Advanced Computing in the Age of AI | Friday, June 9, 2023

CIA Embraces Cloudera Data Hub 

As federal cloud provider Amazon Web Services (AWS) readies its commercial cloud service for the CIA, other vendors are lining up to supply the analytical and other tools needed to harness the enormous amounts of data to be stored and analyzed in the emerging spy and other federal clouds.

Among them is new CIA partner Cloudera, which is promoting an enterprise data hub platform that seeks to add a layer of "pervasive analytics" via a unified framework and data formats along with security and administration. Pervasive analytics would be used by federal agencies like the CIA to drive data from analysts to decision makers, Mike Olson, Cloudera's chief strategy officer, said at a company event in Tysons Corner, Va., this week.

Once the pieces are in place, the data platform is touted as replacing the data silos that have persisted in government agencies while solving security issues which remain a high priority for government cloud users. The result is that "everyone would be working off the same datasets," Olson explained, while a data governance capability would control who can view which subsets.

Along with AWS and its commercial cloud service, CIA Chief Information Officer Doug Wolfe, announced a partnership with Cloudera "to extend the innovation and push the envelope on a whole range of different solutions." Added Wolfe, "Having this enterprise data hub up in a month or so on our commercial cloud solution will make [it] a lot more accessible and easily usable by a broader range of the [CIA's analyst] population."

The partnerships with AWS and Cloudera also address the spy agency's requirement for cloud and big data innovation, Wolfe continued, "but that innovation needs to be scalable to serve a range of customers."

Cloudera investor Intel Corp. has also been working with the big data specialist on Hadoop security "from the silicon up," according to Steve Orrin, Intel Federal's chief technologist.

Other Cloudera partners are helping to implement its data hub by providing a range of components designed to securely store, access and analyze structured and, increasingly, mountains of unstructured data. For example, Cloudera partner Digital Reasoning is supplying a "trusted cognitive computing platform" that would leverage, for example, machine learning to bring structure to human language as an intelligence source.

Digital Reasoning CEO Tim Estes cited a current use case in which the company's platform was used in the banking industry to analyze up to 6 million emails a day to detect hints of insider trading. The company is working with Cloudera and business intelligence software vendor Tableau on a commercial cloud analytics service running on the data hub. Estes said one goal is "changing the aperture of observation" to shift the emphasis from IT administrators to data analysts to decision makers.

Cloudera is also working with storage specialist EMC Corp.'s Isilon scale-out networked attached storage unit to develop a data hub reference architecture. Audie Hittle, EMC Isilon's chief technology officer, said an emerging software-defined storage capability seeks to "redefine" collaboration and big data analytics. The reference architecture also would seek to move compute capability closer to data "in place" to improve data analytics.

Meanwhile, federal agencies are still trying to figure out how to move from an era of limited, structured data storage to relatively cheap and virtually unlimited storage of both structured and unstructured data. Cloudera's Olson noted that this would allow intelligence and other federal agencies to sweep up and store everything. It could then leverage emerging big data analytics tools to sift through sensor data and social media chatter on an as-needed basis.

Hence, pervasive analytics is emerging as a key federal cloud application as financial and other use cases are refined to help the feds shift their operations and infrastructure to the cloud. Hence, the data management component of the AWS commercial cloud service will require a data hub to help agencies get their arms around big data, Cloudera insists.

The scale of the big data task continues to grow, requiring potential government vendors to offer platforms that will scale along with the data explosion and whatever comes after Hadoop or Spark. Orrin of Intel said the partners are making Hadoop "enterprise worthy" under a security effort called Project Rhino.

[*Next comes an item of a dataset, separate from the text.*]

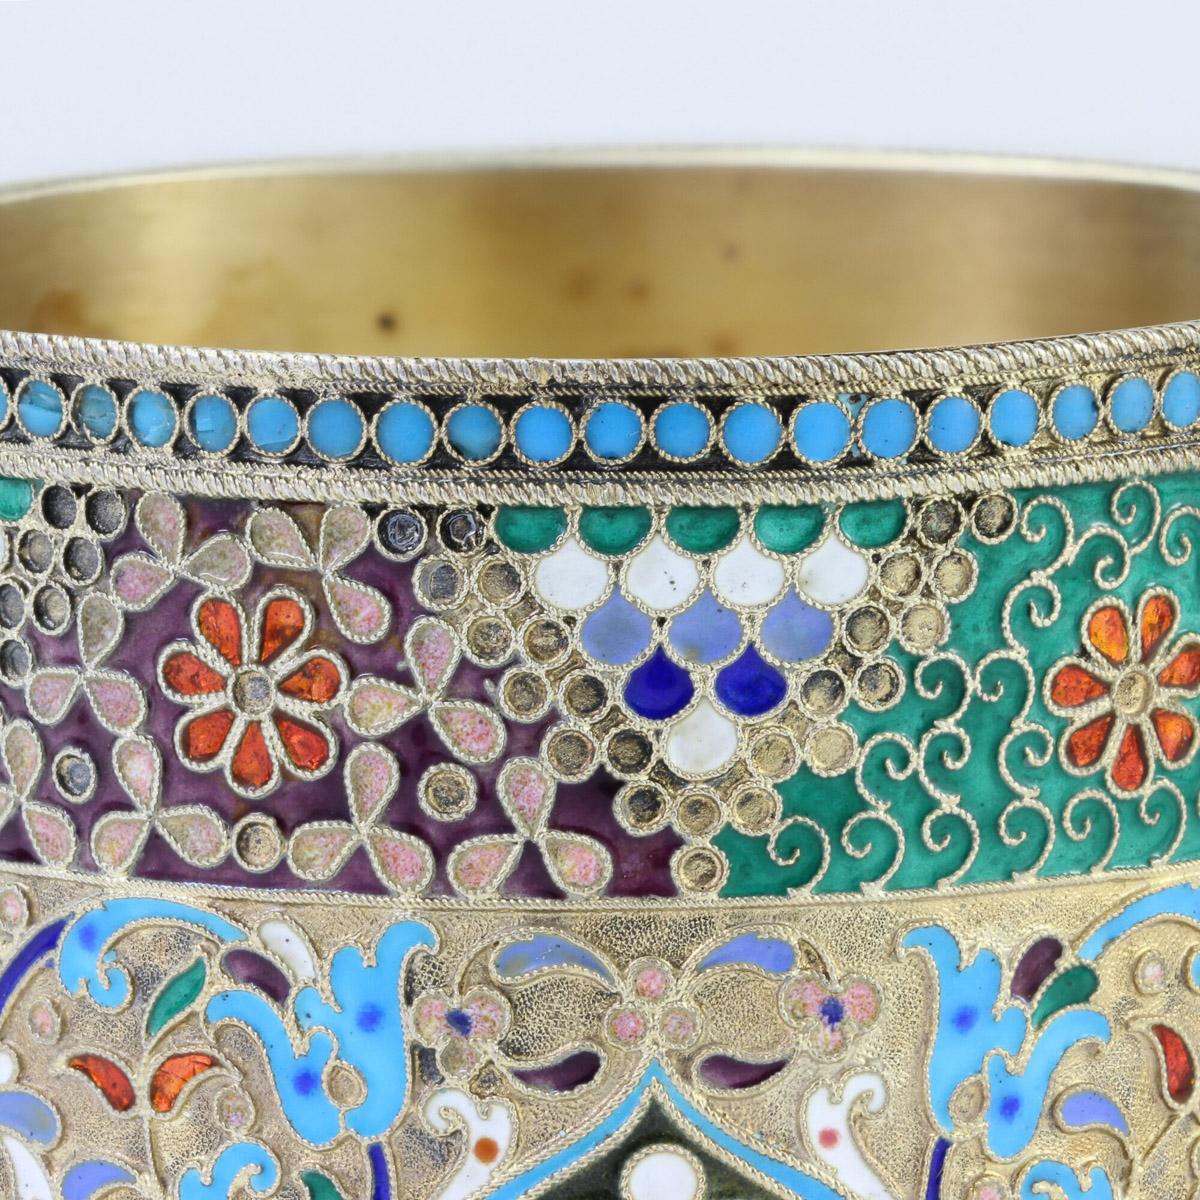 20th Century Imperial Russian Solid Silver-Gilt Enamel Tea Glass Holder, c.1900 9

Not only will the project optimize Cloudera's Hadoop distribution on Intel's architecture, Orrin said, it will make it "enterprise scalable" for next generation architectures.

Intel has so far invested $740 million in Cloudera's Hadoop distribution, a total that represents the chipmaker's largest big data deal so far, Orrin noted.

Those future architectures will groan under the weight unstructured data generated by mobile devices and the explosion of open-source data. For example, the Obama administration claims its open data initiative alone has resulted in the release of more than 138,000 government datasets ranging from U.S. agricultural and trade statistics to climate and emergency preparedness information.

Olson cited another use case in which the commercial satellite imagery provider DigitalGlobe adds elevation data to its imagery used by insurers, for example, to gauge flood risks along coastlines. The military used to call this capability "data fusion," something the Pentagon has largely failed to develop on its own.

Now, the CIA, Defense Department and the rest of the federal bureaucracy are looking to commercial cloud and analytics vendors to customize their data platforms for public sector applications ranging from medical research to pinpointing terror cells.